If you’ve been wondering where “The Buzz” has gone to; well, we’ve been busy. Not that there’s been any shortage of wheat- or Kansas-related ag news.

  • One thing we’ve had our hands full of is … construction. The Kansas Wheat Commission and Kansas Association of Wheat Growers are nearing the end of construction of the Kansas Wheat Innovation Center, a state-of-the-art wheat research complex near the K-State campus in Manhattan. Click here for construction updates on the Innovation Center… 
  • The goal of the Innovation Center is to improve wheat yields in Kansas and surrounding states. Not that wheat is a big crop in northeast Kansas, but still, we’re impressed at the commitment The Scoular Company is making with its new shuttle-train-loading grain handling facility with the Union Pacific near Willis in Brown County…
  • Construction of the grain-handling facility is scheduled to begin in the fall of 2012. When complete, the facility will feature high-speed truck unloading and grain drying capacity to benefit area farmers. The site will accommodate a loop track for up to 120 rail cars as well as Union Pacific shuttle loading/unloading capability for grains and fertilizer…
  • All eyes are on the wheat market, with global weather concerns affecting production in some of the biggest competitors to the U.S. in world wheat supplies.

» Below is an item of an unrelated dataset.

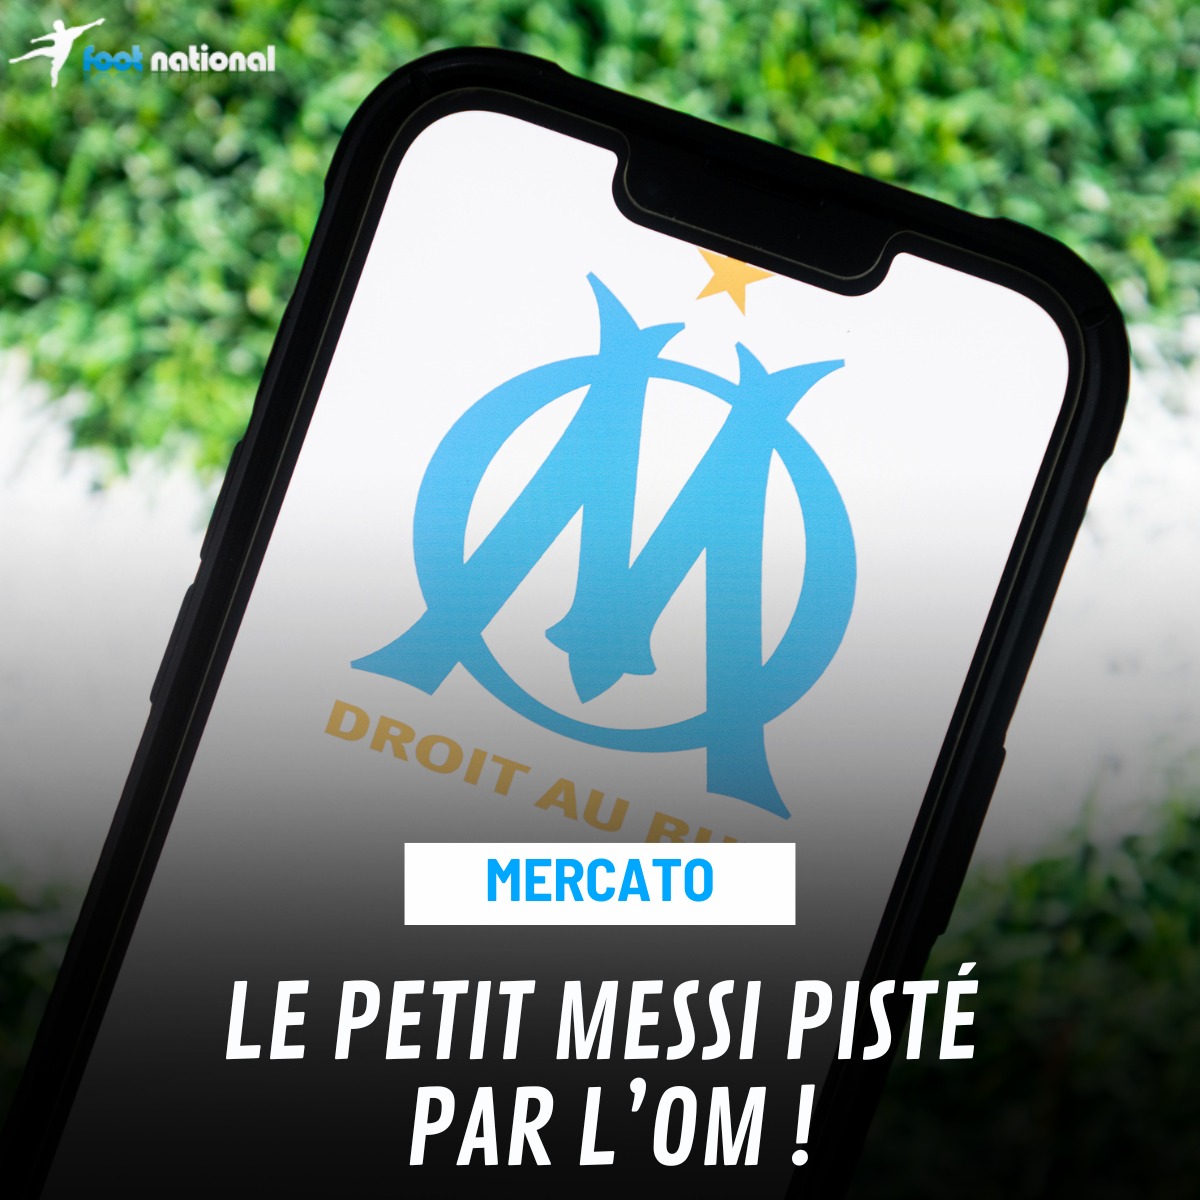 L’OM souhaiterait s’offrir un très gros coup sur le marché des transferts en attirant Messi ! 😱🔥 #MercatOM #TeamOM Plus d’infos 👉 urlz.fr/qAT9

Russia’s Deputy Ag Minister has cut the nation’s wheat crop estimate by nearly 5%, to 40 million metric tons, due to drought. To compare, Russia’s crop totaled nearly 42 million metric tons in 2010, when Russia decided to ban wheat exports.  Meanwhile, Reuters reports that Ukraine will likely limit wheat exports in 2012-13 to just 4 million metric tons, due to widespread drought limiting that nation’s production. The upshot of all of this is that countries that used to import wheat primarily from the Black Sea region may need to look elsewhere. Thus, countries like Egypt – one of the world’s largest wheat importing nations – could look to the U.S. to supply its wheat needs for the coming year…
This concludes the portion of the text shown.